Business rates in multi-occupied properties

Following the announcement in the 2017 Autumn Budget that the Government would legislate to reinstate the relevant elements of the Valuation Office Agency’s (VOA’s) practice prior to the decision of the Supreme Court in Woolway, DCLG launched a consultation on business rates in multi-occupied properties.

Given that the Government had already committed to making the change, the scope of the consultation was limited to two issues:

  • how the Government should capture this policy intention in legislation, and
  • how this policy intention should then be implemented

**UPDATE: The Government has published its consultation response**

Consultation responses were largely in favour of the Government’s approach to reinstating the practice of the VOA, subject to certain amendments, which the Government has accepted. As such, the Bill will be updated to ensure that unoccupied properties are also covered and that it is clear that spaces in walls or ceilings do not prevent two properties in the same occupation from being considered contiguous. The Government will also clarify the wording in the Bill regarding vertically contiguous properties – namely that these exist where hereditaments are on consecutive storeys of a building and one is in part directly above the other.

The majority of respondents agreed with the Government that backdated changes to the 2010 rating list, to reinstate the previous practice of the Valuation Office Agency, should only be made as a result of a proposal from the ratepayer. This will therefore be delivered through secondary legislation under existing powers and the Government will consider the regulations in draft with rating practitioners before proceeding.

The Government will also be proceeding with its proposal to make it possible for ratepayers to be able to make a prioritised “check” of their rateable value on the 2017 rating list to apply the new legislation to their assessment. It also recognises the need to ensure that small businesses can access and effectively use this new appeals system.

Subject to Parliamentary approval of the Draft Bill, those businesses that have been directly impacted by the Supreme Court judgment will be able to ask the VOA to recalculate valuations based on previous practice. They will then be able to have their bills recalculated if they so choose – and backdated. This will include those businesses that lost small business rate relief.

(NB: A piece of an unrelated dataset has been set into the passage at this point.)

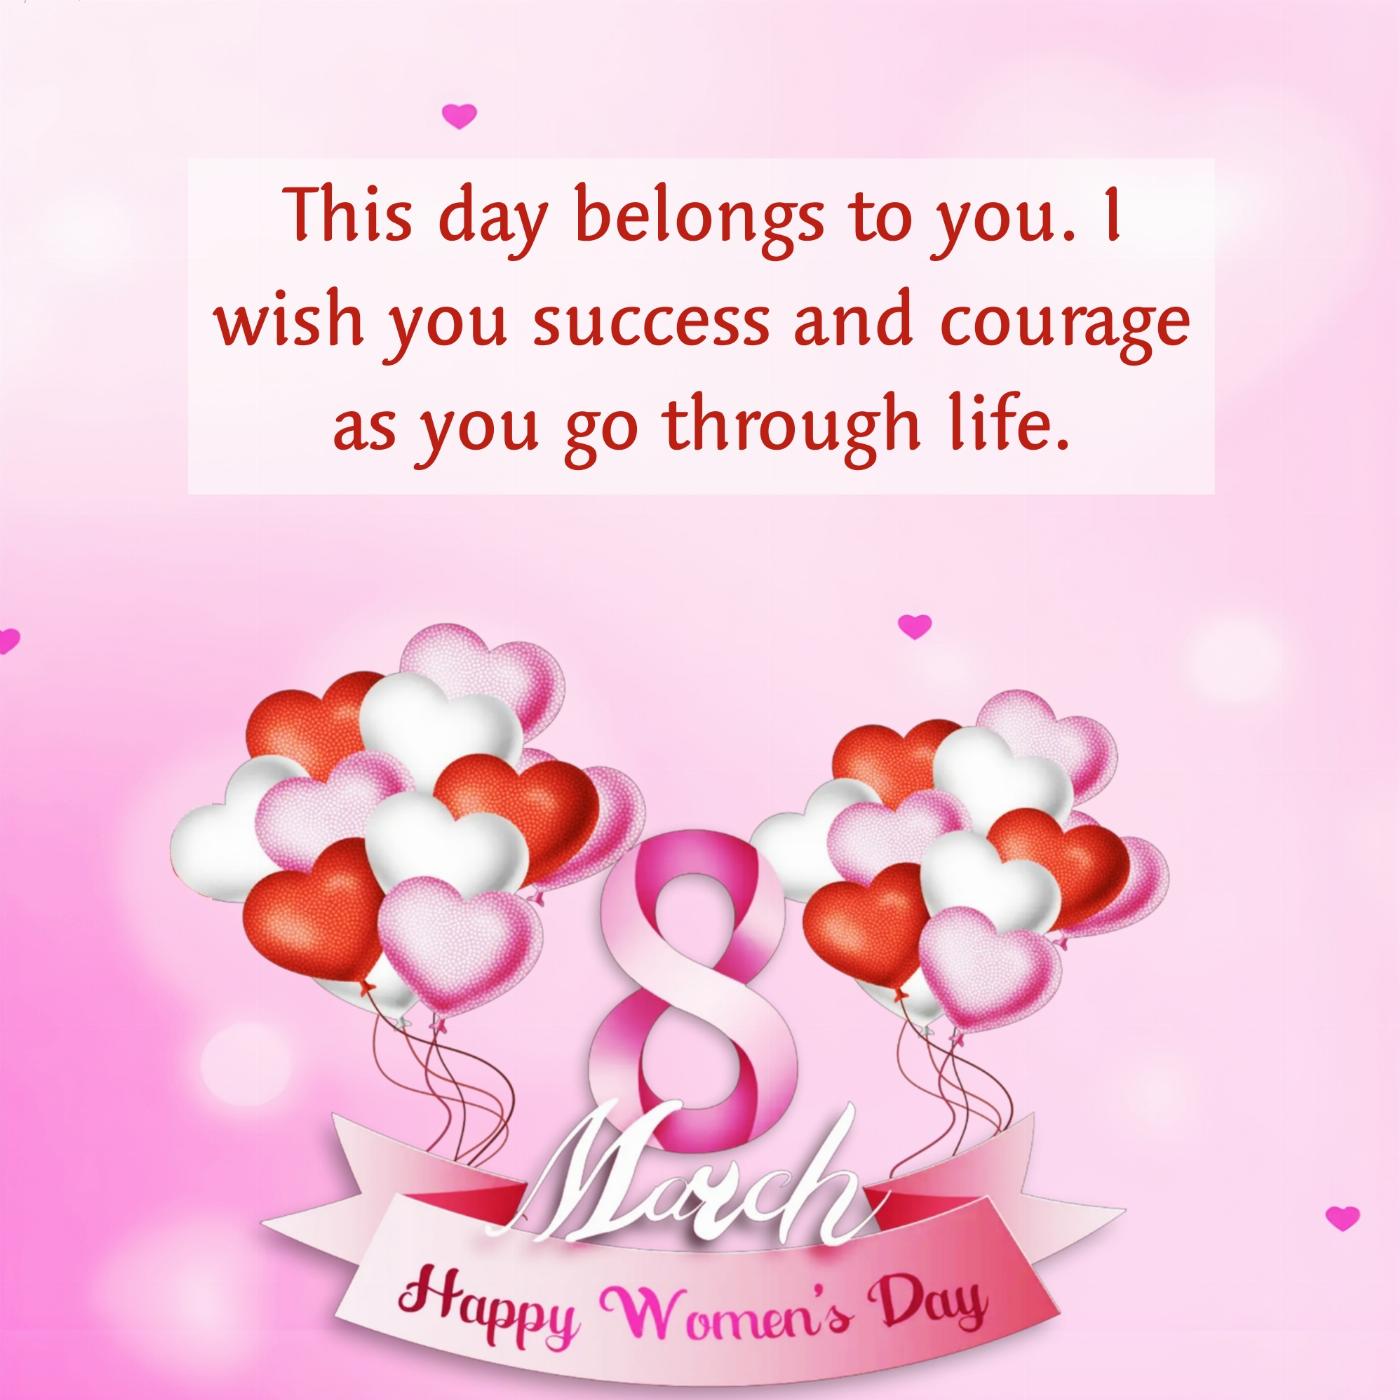 This day belongs to you I wish you success and courage

In Woolway (VO) v Mazars [2015] UKSC 53, the Supreme Court ruled that non-contiguous floors within the same office block could not be regarded as the same hereditament for the purpose of assessing and paying business rates. The VOA’s previous approach to the meaning of ‘contiguous’ had been to treat two units of property as being contiguous where they were separated by a wall or floor/ceiling. Isolated rooms were regarded as non-contiguous. Two non-contiguous properties separated by common area (such as a common corridor) would still be assessed as a single hereditament where a sufficiently strong functional connection could be shown to exist between the two parts.

In Woolway, the Supreme Court held that the primary test in determining what is a hereditament was the geographical nature of the property and whether those properties would form a single unit on a plan. Lord Neuberger PSC said at [47]:

“Normally at any rate, both as a matter of ordinary legal language and as a matter of judicial observation, a hereditament is a self-contained piece of property (ie property all parts of which are physically accessible from all other parts, without having to go onto other property) and a self-contained piece of property is a single hereditament.”

The result was that the VOA had to change its practice. The general rule is now that two contiguous properties in the same occupation are only assessed as one if they can be considered as a self-contained piece of property. Typically, this will apply if both parts are physically accessible without having to go onto other property or through commons parts (such as a common corridor or stairwell). DCLG says that the ruling has had an adverse effect on some ratepayers, including:

  • increases to the overall rateable value due to the loss of “quantum discount”
  • loss of Small Business Rate Relief for ratepayers who have seen their property split into parts as a result of the decision in Woolway
  • changes to rateable value due to rounding

The ruling was potentially important for small charities and charitable companies because many of them occupy two or three rooms or floors in multi-occupied buildings and not all of them receive 100 per cent business rate relief.